The perception is that central bank actions (whether by the Fed, Bank of England, ECB or Bank of Japan) have been the key factor underpinning this outcome. In some senses, this is accurate, as markets perceive that the central banks have significantly widened the scale and scope of their operations and so will continue to “underpin the bid”.

However, while central banks can create liquidity, they cannot fix solvency. After all, eventually debt has to be repaid or re-financed, and that requires a business that has the ability to survive the pandemic and “come out the other side” in a viable (even if changed) form. Only governments can address solvency on an economy-wide basis.

To date, while varying in form, governments have provided support on a hitherto unprecedented scale through subsidies, rebates, deferrals, forgivable loans and outright grants. They can do all this because they can borrow (currently at very low, or even negative interest rates) and have the coercive power of taxation. Of course, that ability to borrow at such low rates is only feasible because of central bank policies and the continuing belief of investors that those same governments will be able (and willing) to honour their obligations when due. If that belief and confidence changes (likely to be tested if inflation eventually returns) governments will face a challenge. Modern Monetary Theory (MMT) posits that government spending can be paid for by the creation of money, with the purpose of taxes being to limit inflation, by controlling the money supply, so spending should not be determined by deficit levels. It may have suddenly become “fashionable”, but its robustness has yet to be tested.

And, as Mr. McCormick quite reasonably points out, what if “fiscal policy fatigue” sets in? Most politicians have short attention spans, little real understanding of economics and markets, and are driven by a desire to be re-elected. If electors’ own attention moves on to a different focus, will fiscal policies be maintained, or adapted to meet new needs, setting to one side the issue of funding all the commitments made? Once what one may call “solvency support” it taken away, or re-directed, then what?

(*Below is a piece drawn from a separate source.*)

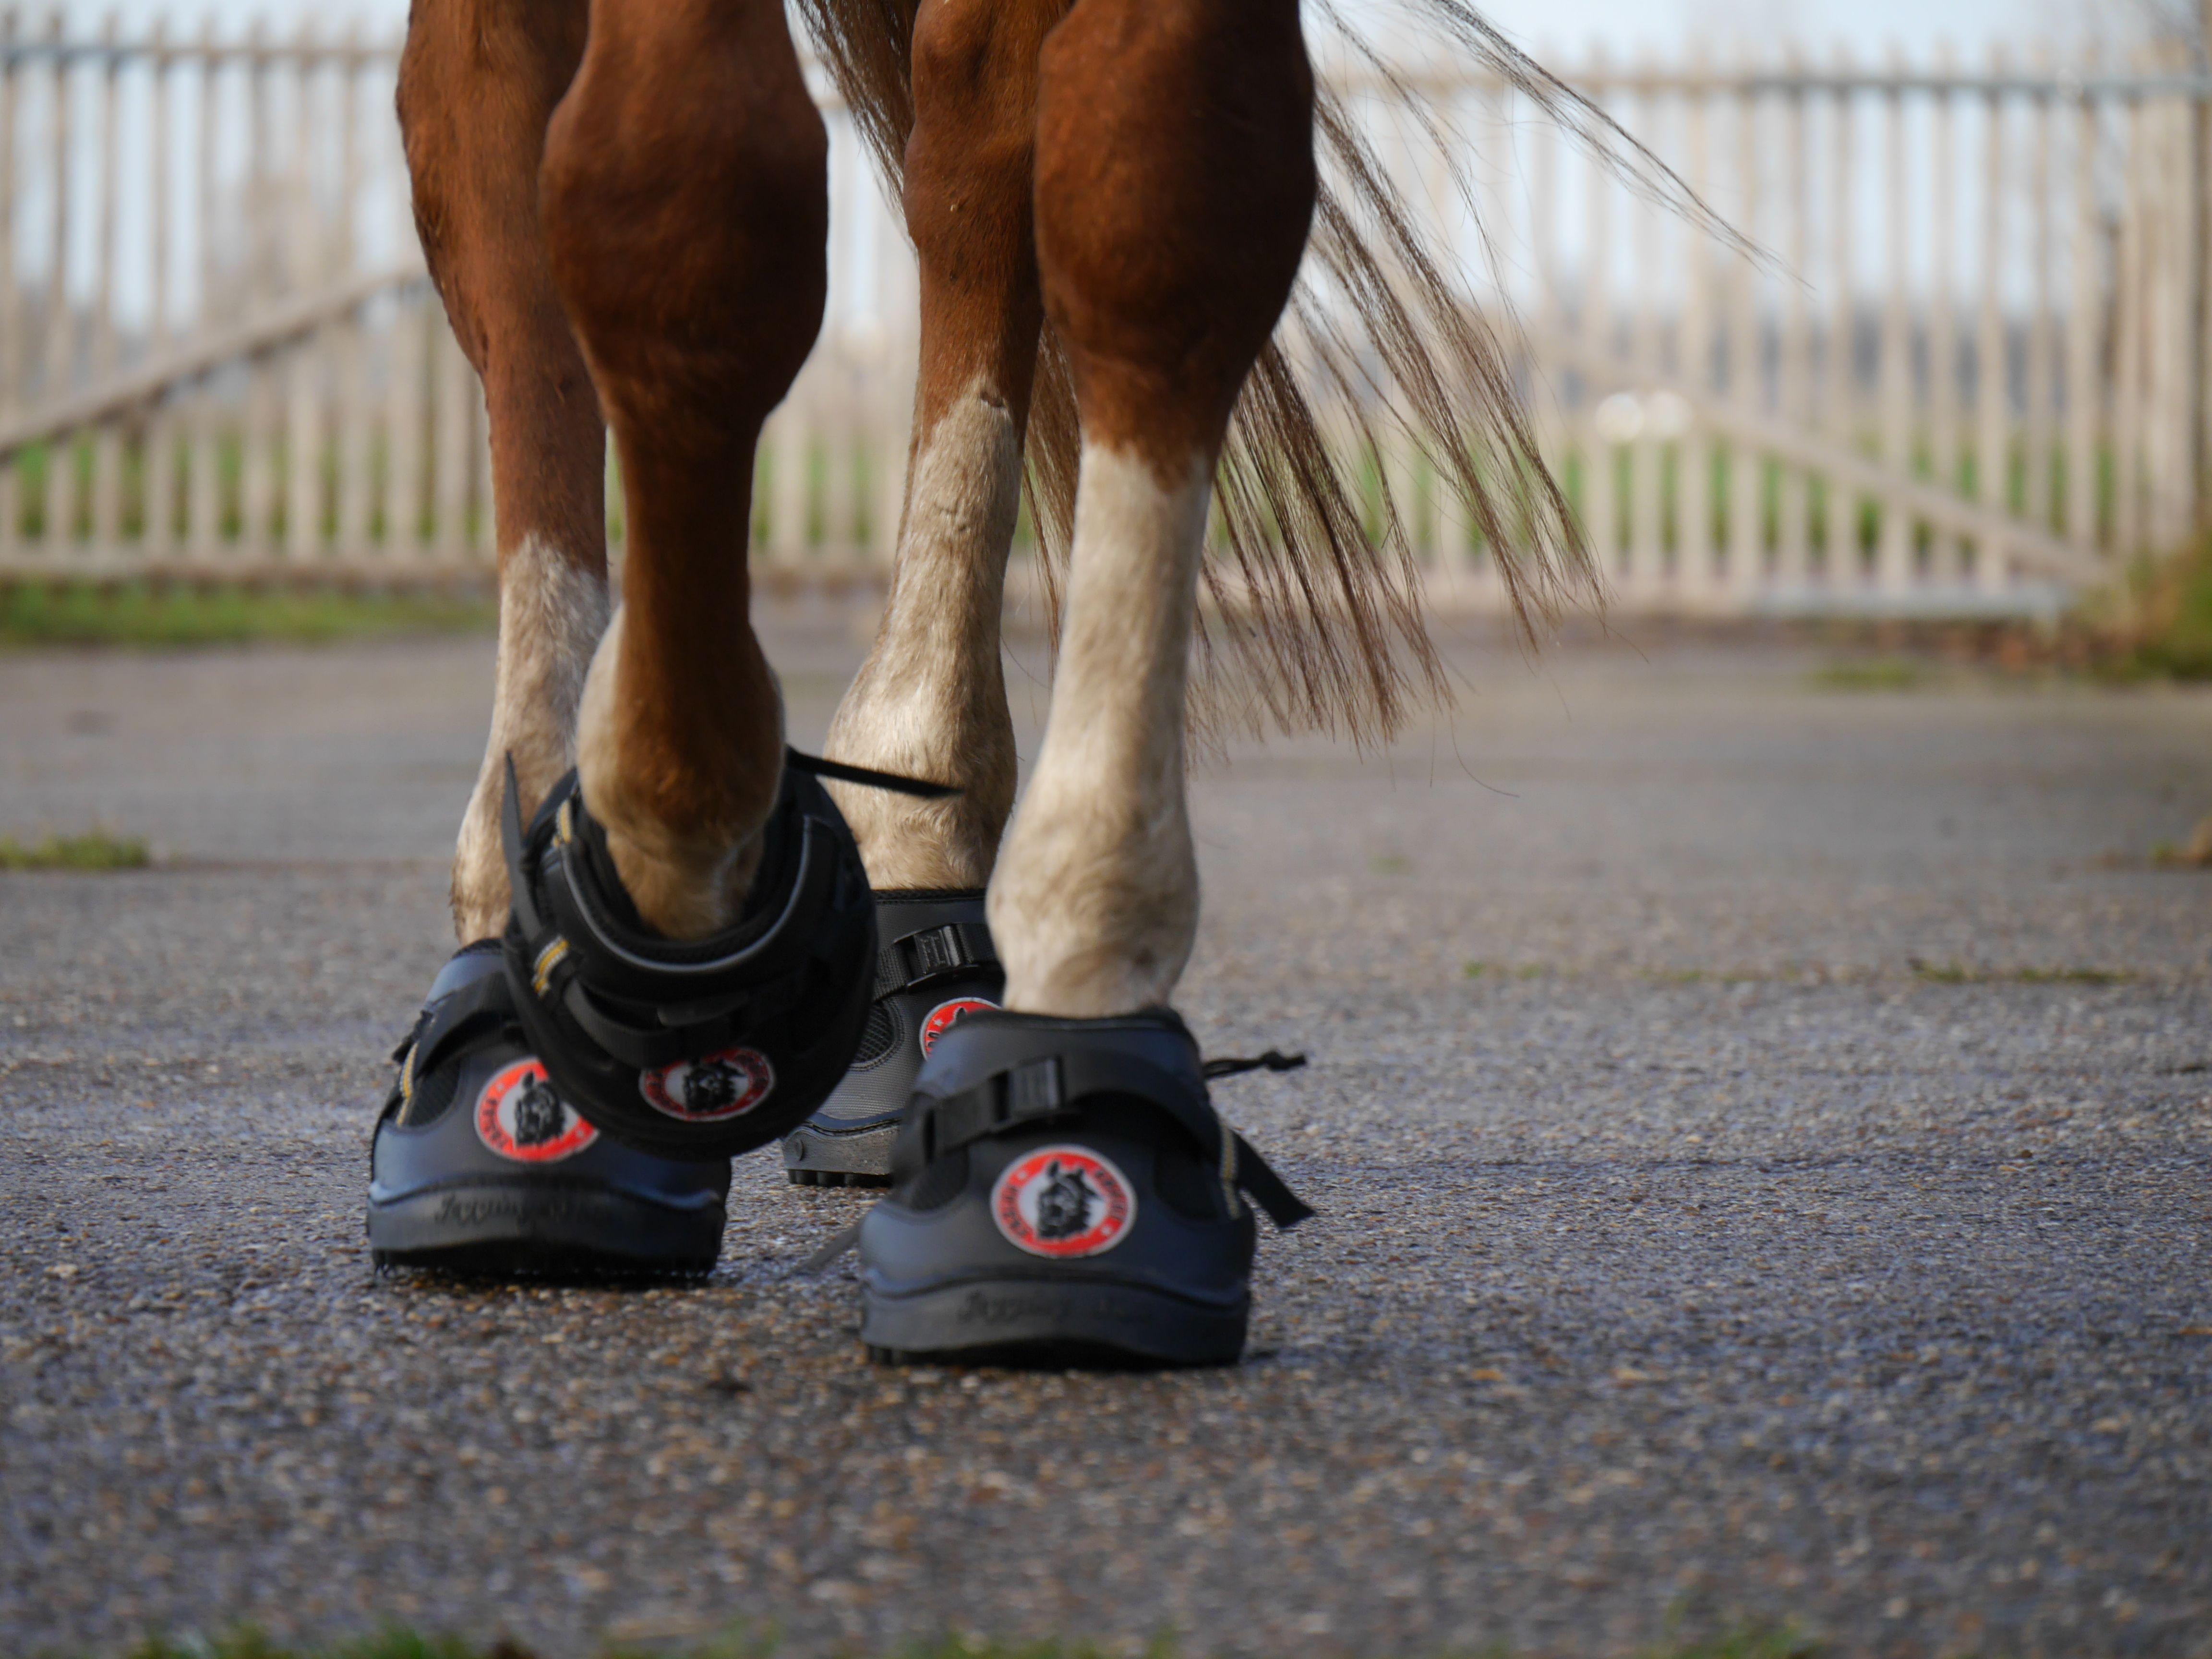 Flex hoof boots: all three sizes in stock at HoofWear
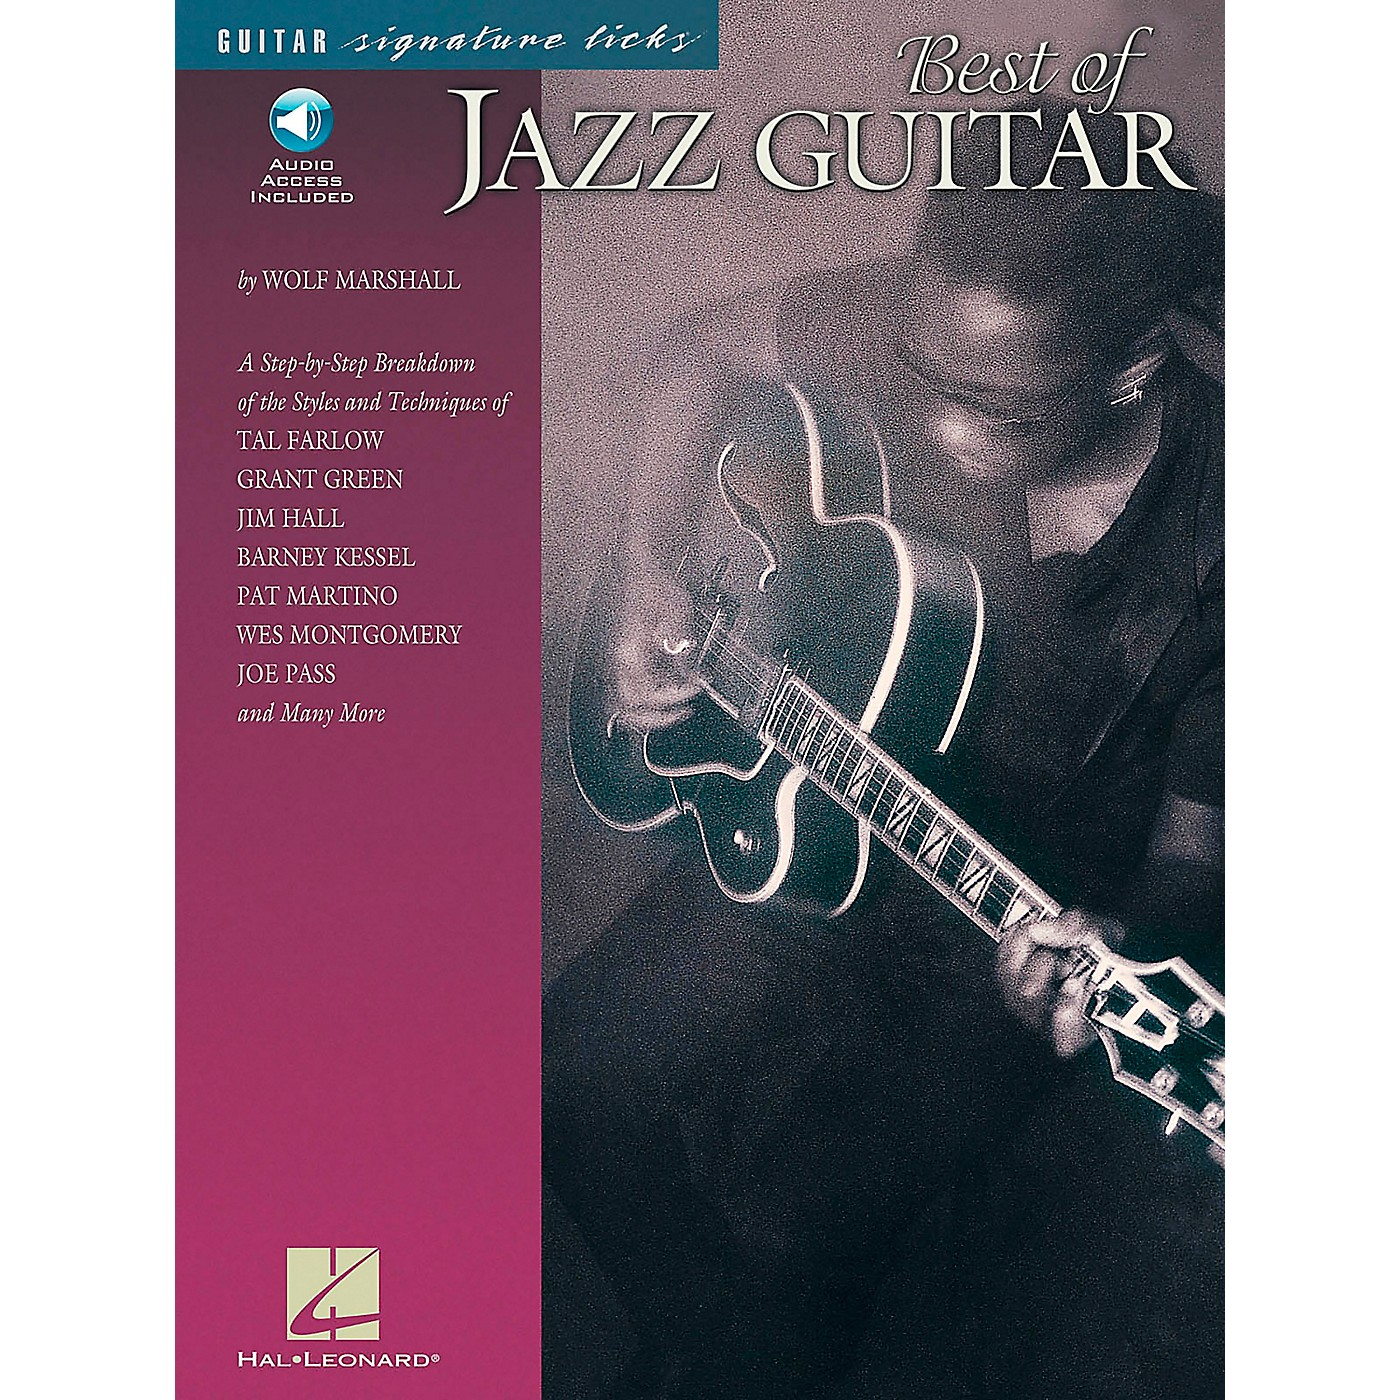 Hal Leonard Best of Jazz Guitar Signature Licks Book with CD thumbnail

Given the level of uncertainty which still attends the timing and likelihood of the pandemic being brought under control in many large economies, there is an increasing risk that at some point what amounts to a precarious equilibrium (created by central bank expansion of the money supply, ultra-low interest rates and trust in the current system) will come to an end, whether as the result of a change in capacity, or because of policy fatigue, even if economies are not “back to normal” in terms of activity and demand.

While we would not be so foolish as to make specific predictions on a macro-economic scale, it seems to us that at some point there will be a “winnowing” across a range of industries (including (re)insurance), which will separate the “prospering survivors” or beneficiaries of the pandemic from those who are not viable without continuing solvency support and/or a significant and swift rebound in demand for their products. Of course, as specialists in credit, economic and financial risks, our aim is to continue to make appropriate assessments and decisions at the micro level, and ensure the integrity of our existing portfolio and business model, while sourcing new business that will prove robust in the face of all the uncertainty.

Not straightforward in the current circumstances, but one we are confident it is achievable with appropriate caution.